Were there any specific cartoons from your childhood that you remember loving?
Road Runner.

So, clearly, if it’s influenced by Looney Tunes and Charlie Chaplin, No Other Choice is very funny, but it’s almost equally tragic. How do you balance tone, blend comedy and tragedy into one entity?
A film like Modern Times is a perfect example of tragedy and comedy working together. I’ve never considered it as mixing two different elements together—I’ve always considered tragedy and comedy to be one thing. The comedy comes from the foolishness of Man-su’s decision, in the way that he wants to resolve his problems, in the clumsiness and the execution of his decision. These are the elements that lead to comedy, and that’s inherently connected to how tragic his situation is. The comedy can never be separated from his tragedy, nor from the sympathy that the audience may feel towards Man-su.

You retained the fact that the protagonist works at a paper company from the novel, but while adapting it for the visual language of the screen, you created this juxtaposition, this friction, between Man-su’s personal world of family and gardening versus his professional world of killing people and trees (for paper). Could you expand on that contrast between nurturing and ending life?
The murders that Man-su commits are very animalistic. It can almost be compared to the acts of a predator in a jungle. In contrast, I wanted to show Man-su in his natural space. I wanted to show, through his love of plants, that he used to be a man like this, but he has changed, and that his plants are also related to the materials that paper is made up of.

Man-su’s love for plants can also be seen as being relevant to his upbringing. His father had a pig farm and he had to kill the pigs, so even throughout his career, he had to raise those pigs and kill them.

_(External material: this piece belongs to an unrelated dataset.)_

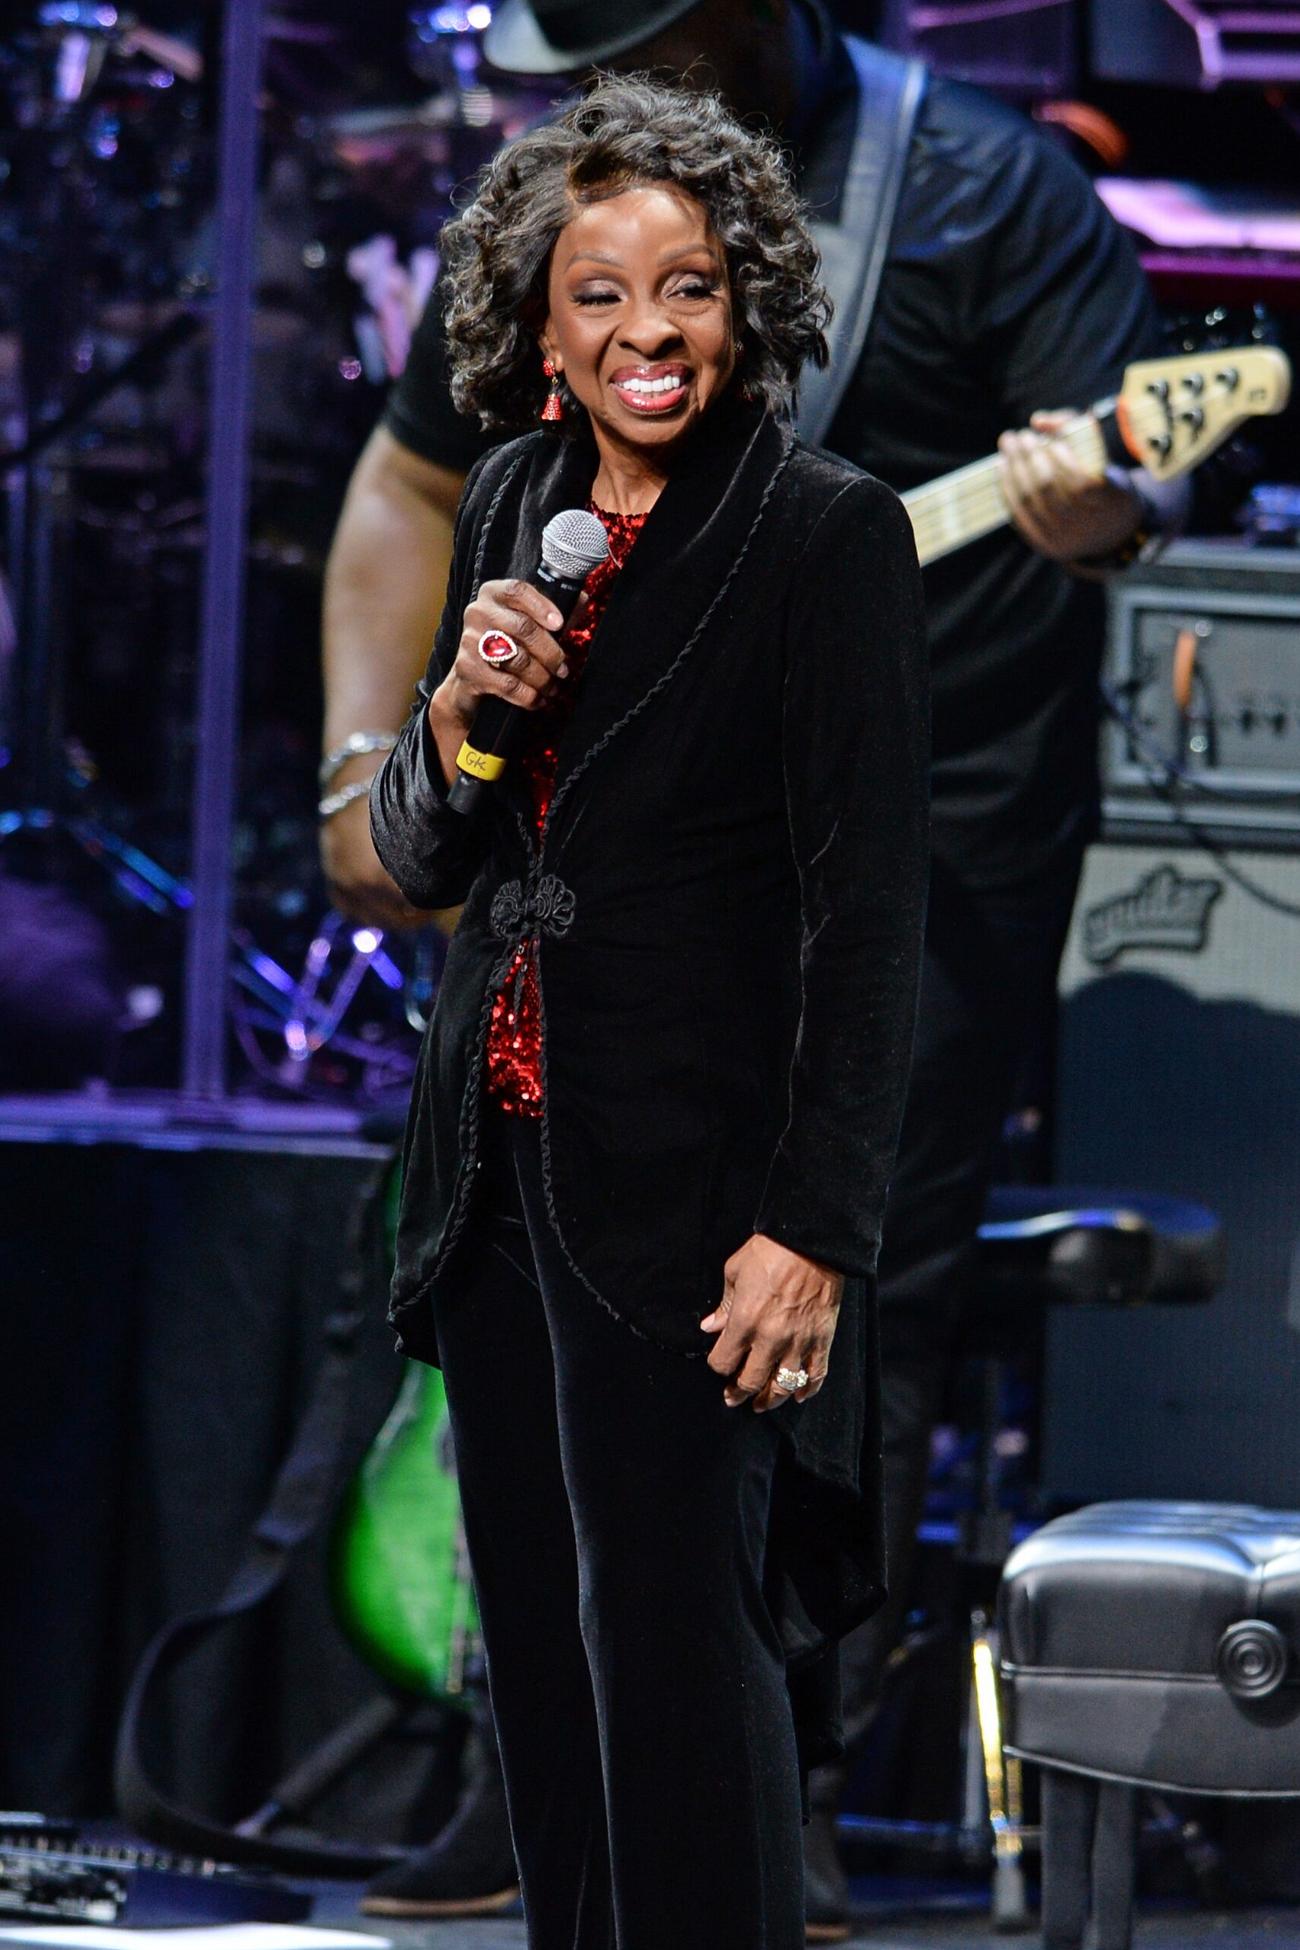 Gladys Knight performs at Hard Rock Live
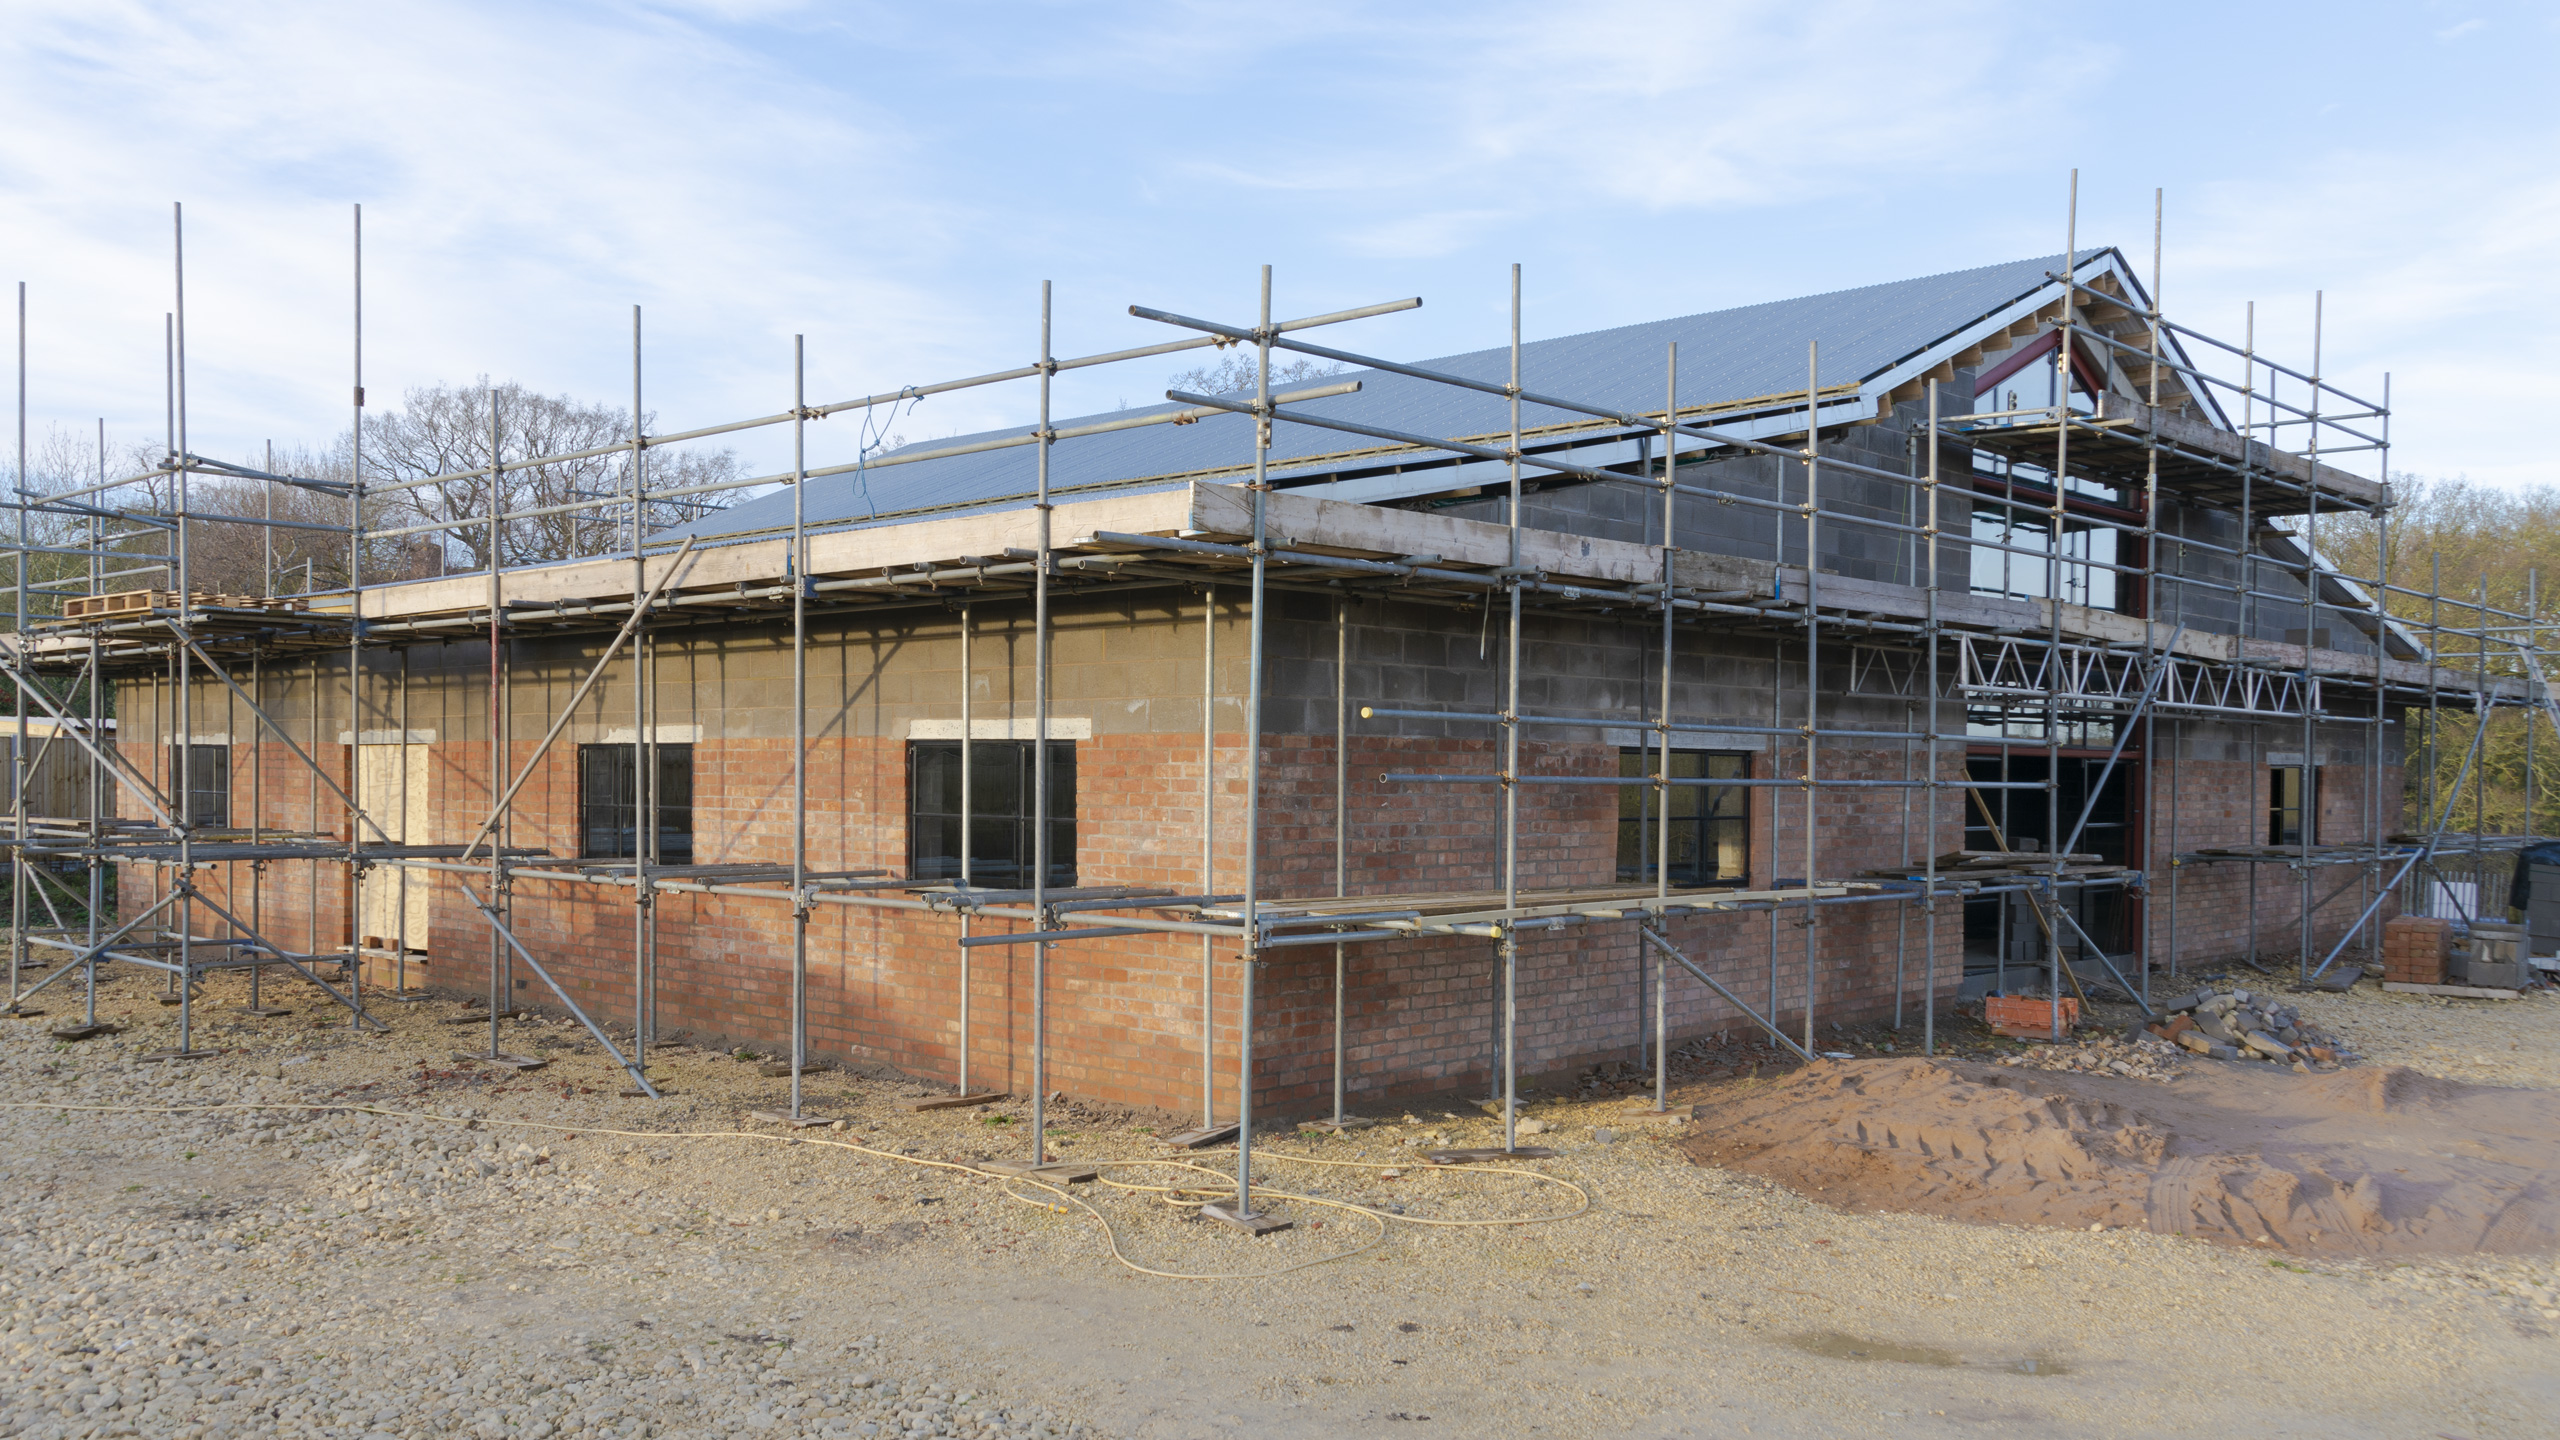 Dec 2019: External construction has progressed well despite poor weather with the roofing and glazing almost complete.

You inherently raise pigs so that you can kill them and eat them, but especially after the disease had spread, he had to kill off all of them. So, Man-su, having grown up seeing something like that, wanted to be something that’s opposite to what he’s seen as a child, so he’s become a lover of plants.

It also allows us to consider how Man-su’s son is going to grow up to be. His father was a lover of plants, but he killed a man and planted an apple tree where he buried the man. If we imagine the future where his father is making apple jams out of the apples from that apple tree, wouldn’t he hate plants? Wouldn’t he grow up to be a hater of plants? All of those questions would only be in our imagination, but this was the general background behind why I made Man-su a lover of plants.

Song Kang-ho, Lee Byung-hun and Kim Tae-woo in Joint Security Area (2000).
Song Kang-ho, Lee Byung-hun and Kim Tae-woo in Joint Security Area (2000).

One last question: in addition to reuniting with various crew members from your other projects, like your editor and composer, you’ve also reunited with Lee Byung-hun after working with him on Joint Security Area 25 years ago. How has it felt to nourish these long-lasting creative working relationships with your cast and crew and to grow alongside them—much like plants—over the years?
I always enjoy working with the same people, as long as our schedules align. There is a concern where, if you’re so close with them already, you might become lazy or lose tension or fall back into the same mannerisms. Fortunately, the people I work with are always keeping me on my toes and we’re always working on new stories and new films, so that is not a concern in my case. The only exception for my continued working relationships are actors—a combination of people I’ve worked with before and new people are always ideal.


No Other Choice’ is now playing in select US theaters, courtesy of NEON.